- Data below:

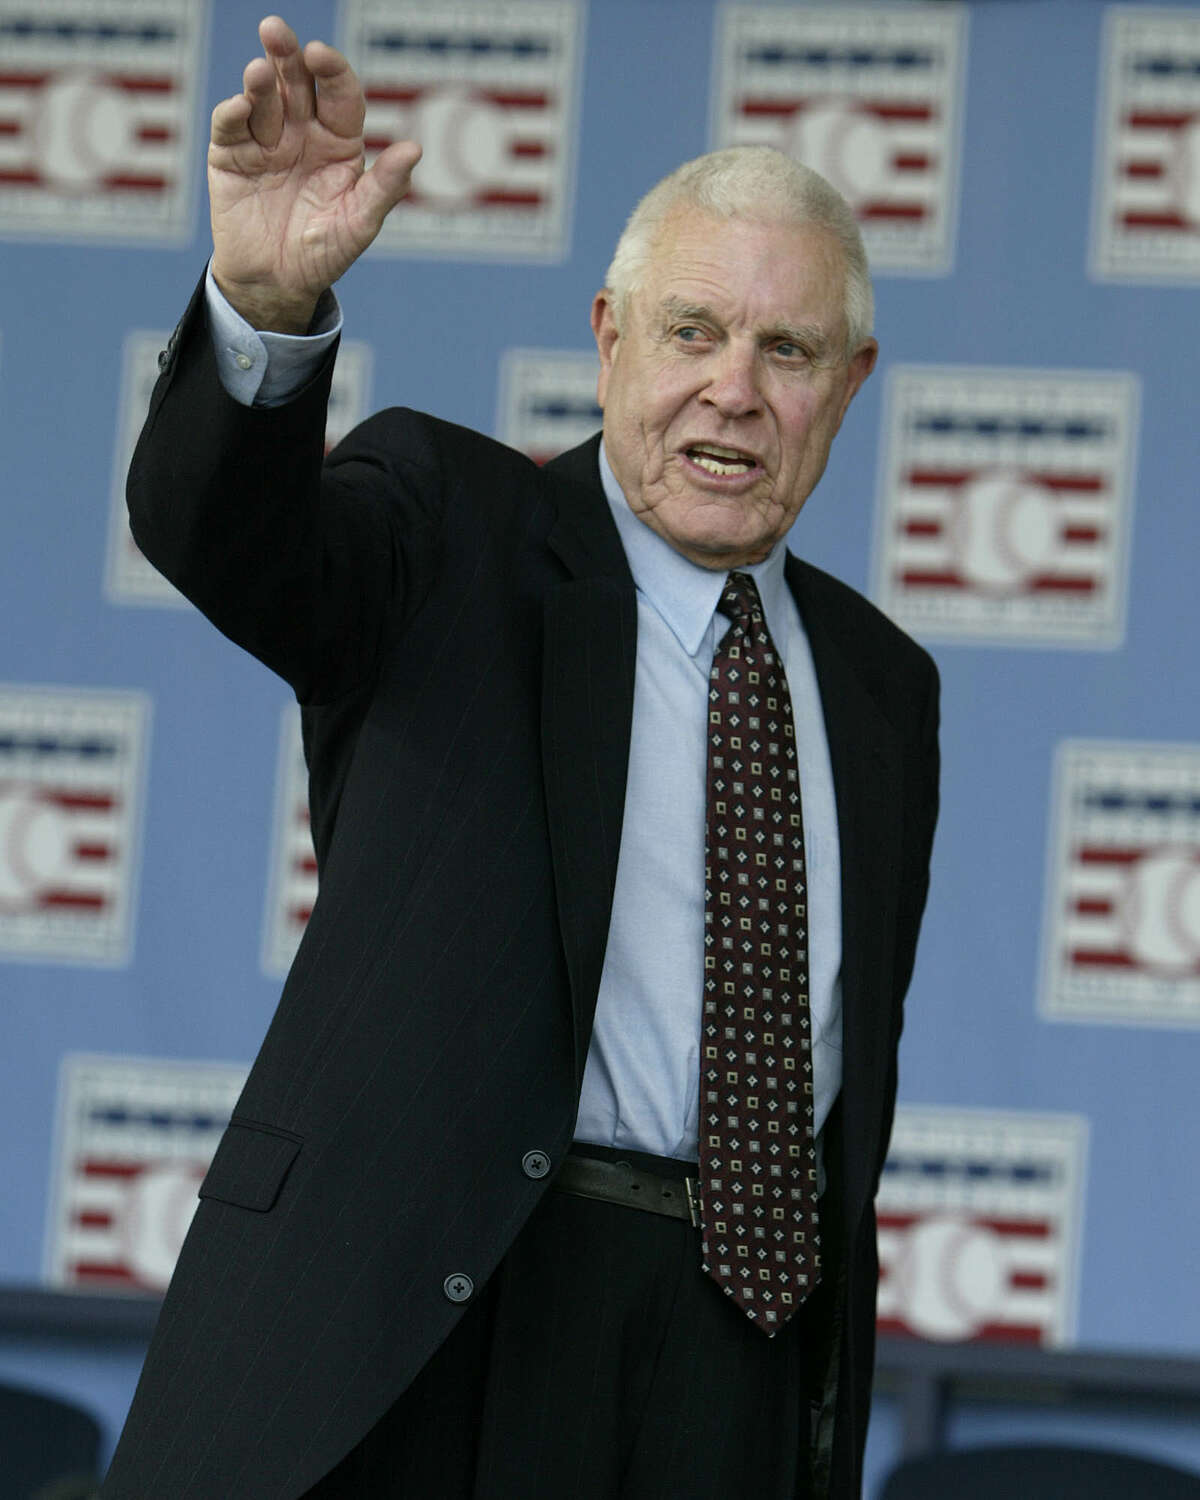 Broadcaster Lon Simmons, the longtime voice of baseball in the San Francisco Bay area, waves at the end of the 2004 National Baseball Hall of Fame induction ceremonies Sunday, July 25, 2004 in Cooperstown, N.Y. Simmons is the recipient of the Ford C. Frick Award given annually to a baseball broadcaster. (AP Photo/John Dunn) Ran on: 07-26-2004 Photo caption Dummy text goes here. Dummy text goes here. Dummy text goes here. Dummy text goes here. Dummy text goes here. Dummy text goes here.Dummy text goes here. Dummy text goes here. Ran on: 07-26-2004 ProductNameChronicle
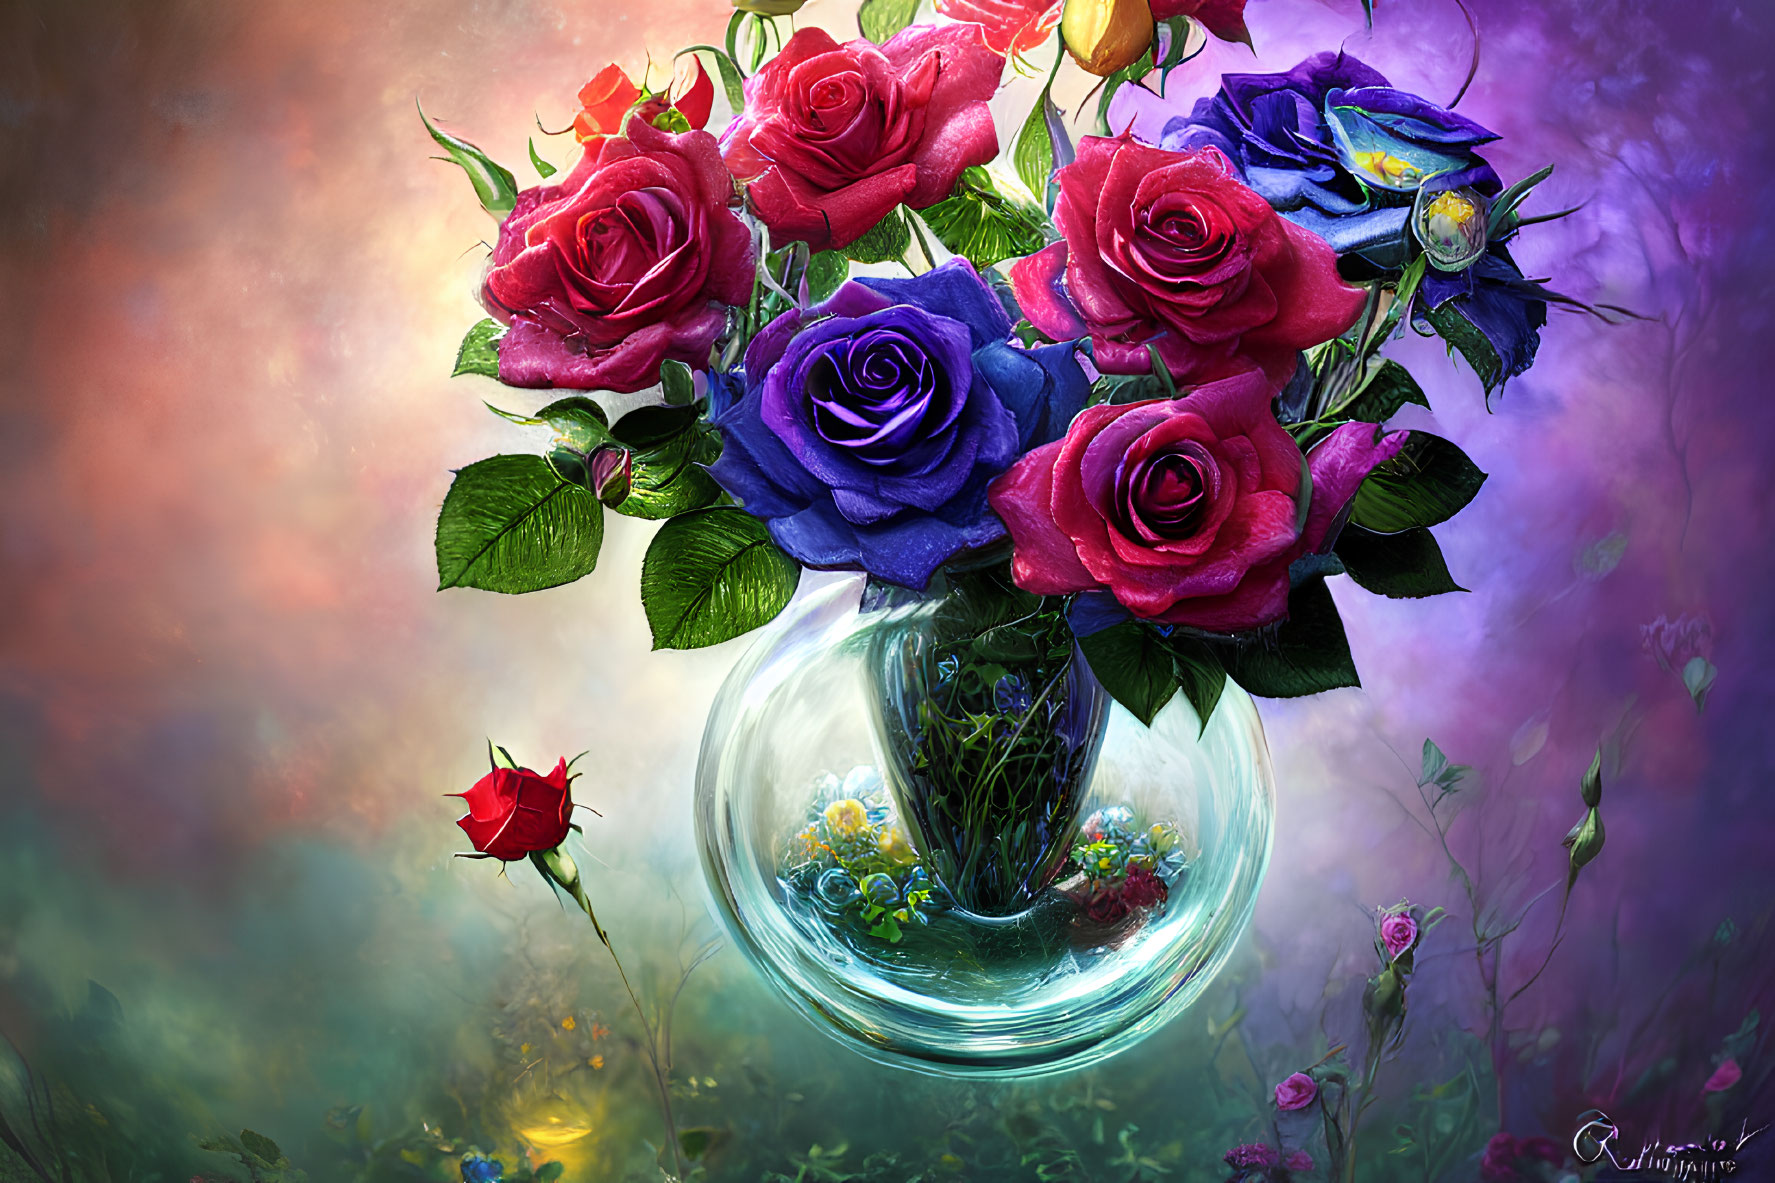 Colorful Rose Bouquet in Transparent Vase on Mystical Background
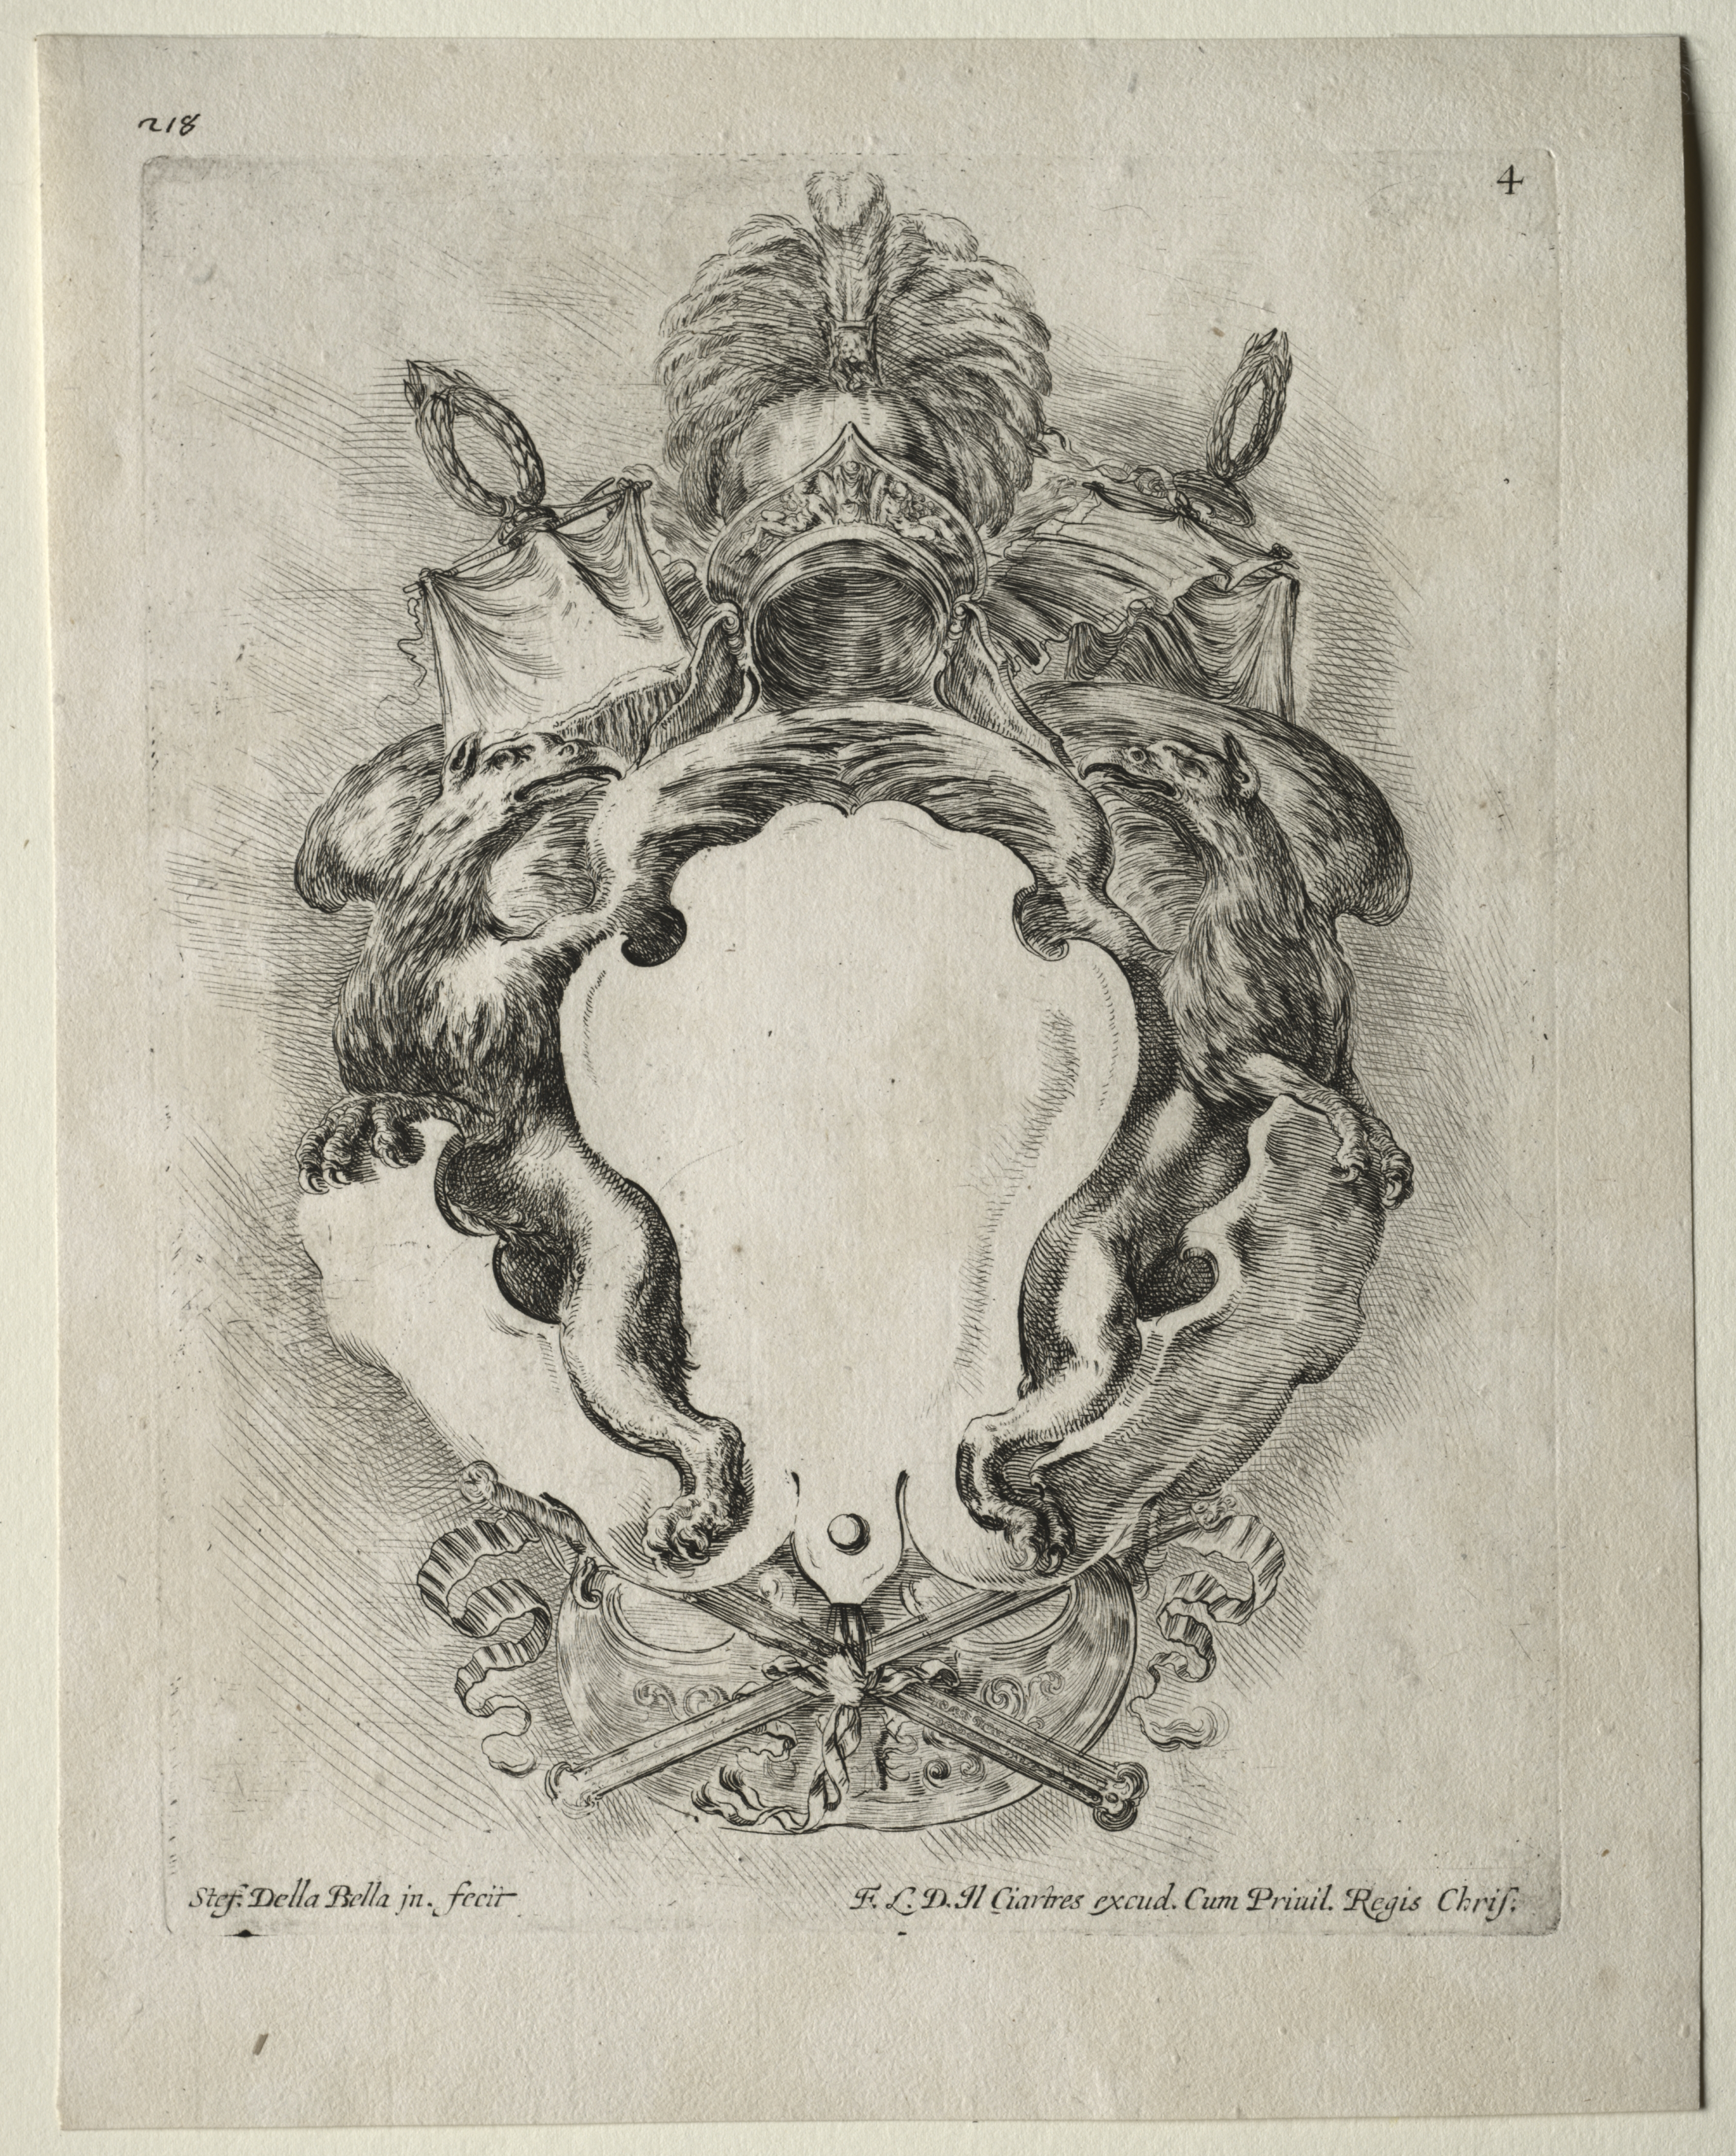 Collection of Various Caprices and New Designs of Cartouches and Ornaments:  No. 4

- What to work on:
Leaving images out, please output every line of the data exactly.

- Task solution:
 Broadcaster Lon Simmons, the longtime voice of baseball in the San Francisco Bay area, waves at the end of the 2004 National Baseball Hall of Fame induction ceremonies Sunday, July 25, 2004 in Cooperstown, N.Y. Simmons is the recipient of the Ford C. Frick Award given annually to a baseball broadcaster. (AP Photo/John Dunn) Ran on: 07-26-2004 Photo caption Dummy text goes here. Dummy text goes here. Dummy text goes here. Dummy text goes here. Dummy text goes here. Dummy text goes here.Dummy text goes here. Dummy text goes here. Ran on: 07-26-2004 ProductNameChronicle
 Colorful Rose Bouquet in Transparent Vase on Mystical Background
 Collection of Various Caprices and New Designs of Cartouches and Ornaments:  No. 4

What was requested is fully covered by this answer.